Katsina State may receive additional N20 billion to implement World Bank initiated Best Education Service Delivery For All (BESDA) programme besides about $6 million so far disbursed to the state.
World Bank’s senior education specialist, Thanh Mai, made this disclosure in Katsina during an interactive session between Governor Aminu Bello Masari of the state and executives of the bank led by Dr. Tunde Adekola.
“It is quite a sizeable budget that will get into the state and I am very hopeful that with your support, this ambitious but manageable programme will get implemented in this school year,” said Mai.
According to her, the implementation agency would go round some states including Katsina between next month and March 2020 for spot check of the implementation before the release of the additional funding to the state.
She noted that the global apex bank had been collaborating with Katsina on the bank’s new project focusing on secondary education under its 10 million girls’ programme, otherwise known as the Adolescent Girls Project.

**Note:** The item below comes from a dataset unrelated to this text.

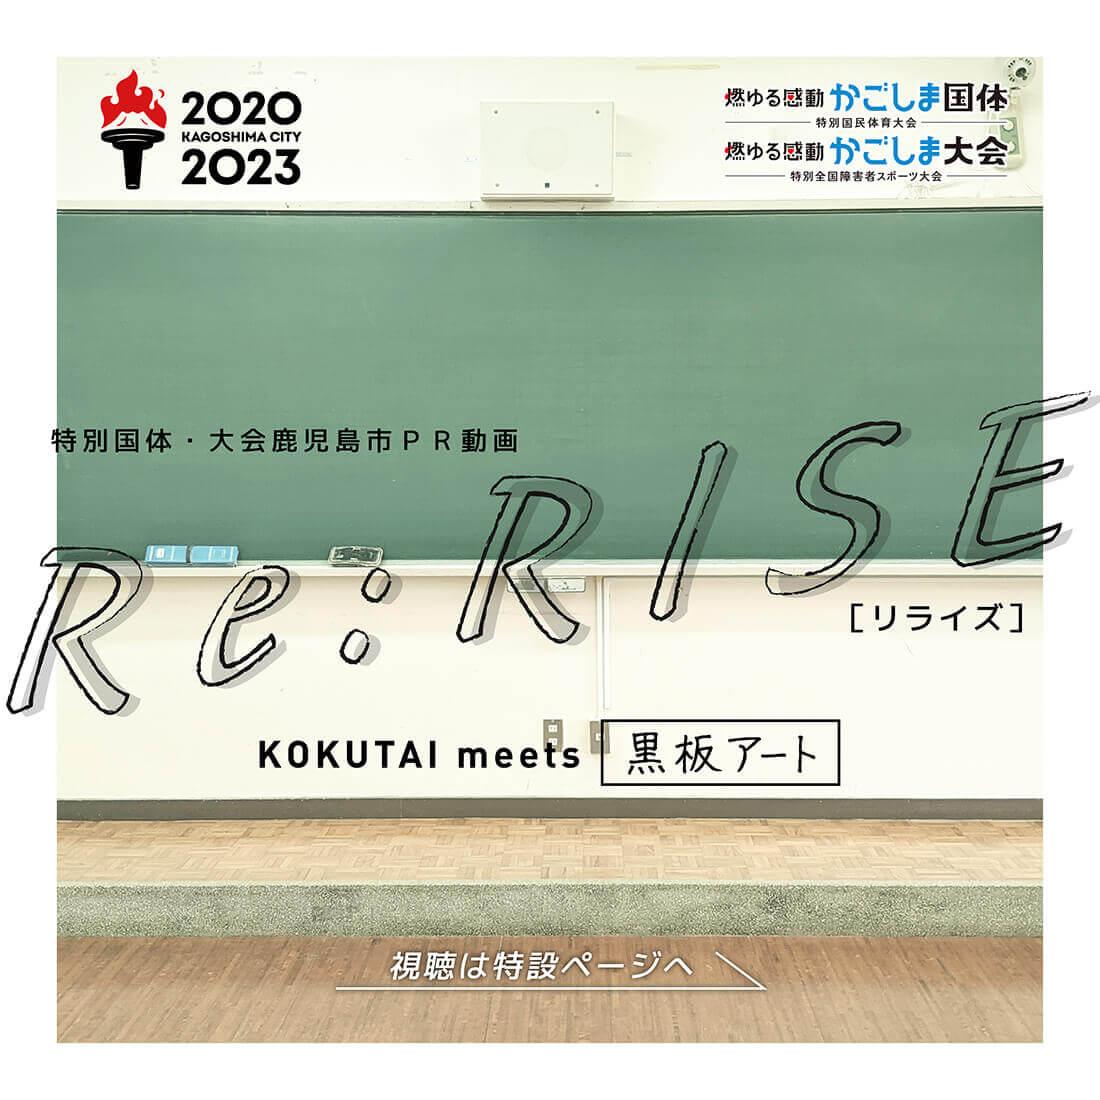 """KOKUTAI meets """"X""""第一弾新PR映像「Re:RISE」公開!!"""

Mai said the current mission was really focused on what it would take to expand junior secondary and senior secondary learning opportunities to children in Katsina, adding that the exercise was a major challenge in the state with about 2700 primary schools but only 270 secondary schools.

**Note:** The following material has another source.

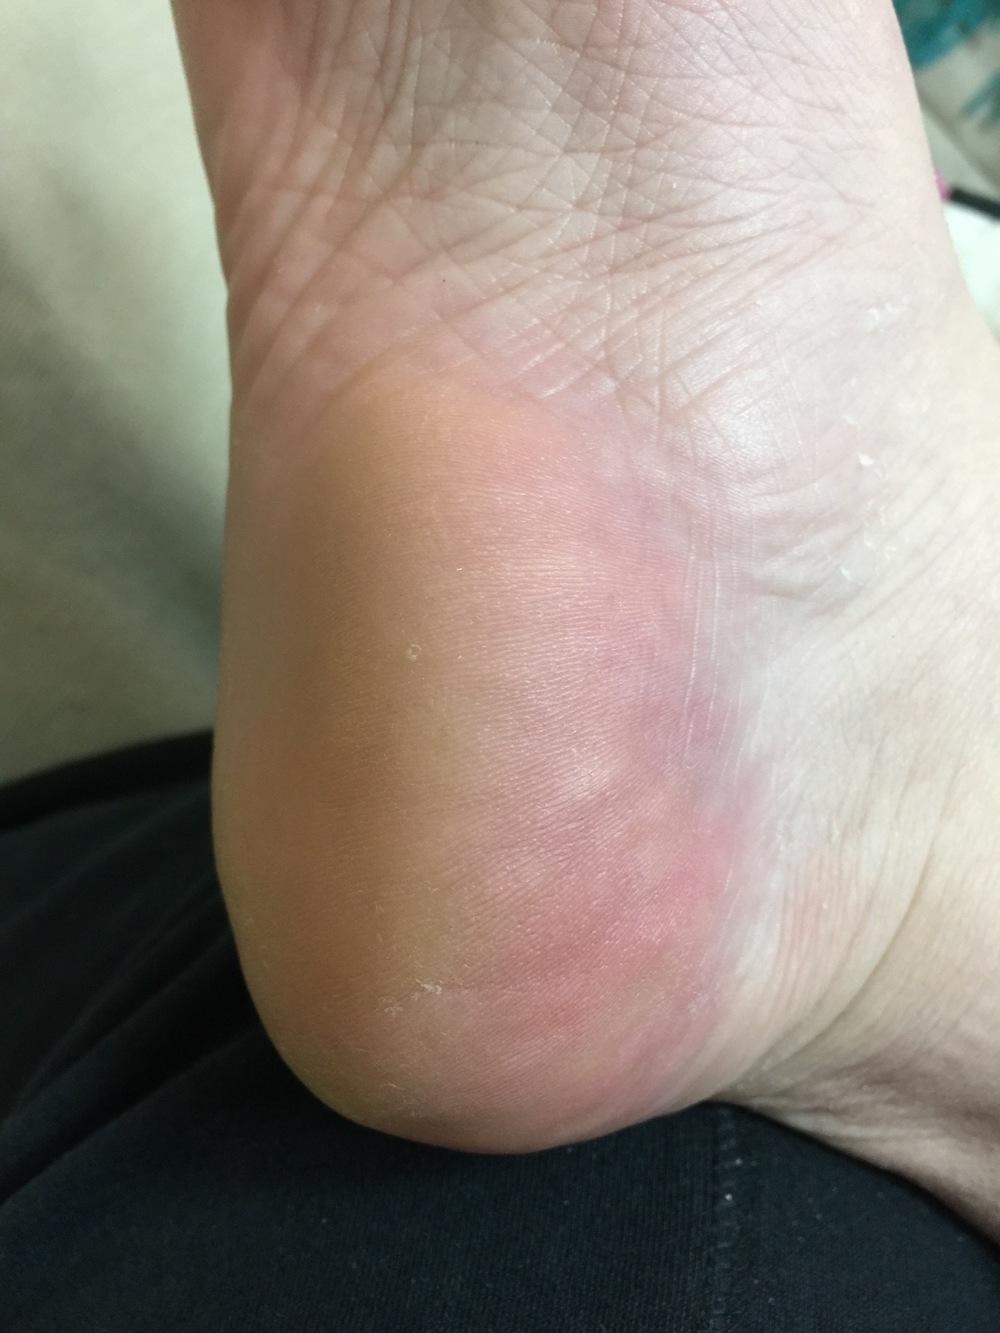 Even the terrible callous on my heel peeled away

“Basically, for 10 primary schools, we have one secondary. We need to expand the number of junior and senior secondary schools to accommodate increased enrollment we have achieved in primary education. So, we will be looking to continue to work with you to continue in finding solution to this,” she said.
The governor, who expressed appreciation over the contributions of the World Bank in the area of education which tops his administration’s restoration agenda, revealed that, as from this year, the state would to be creating at least 68 additional junior secondary every year to address the issue of transition from primary to secondary school.
Masari added that the government recently acquired a private school in Katsina and converted it into girls’ boarding school capable of accommodating no fewer than 2000 students as part of the measures to combat the need for more girls’ secondary schools.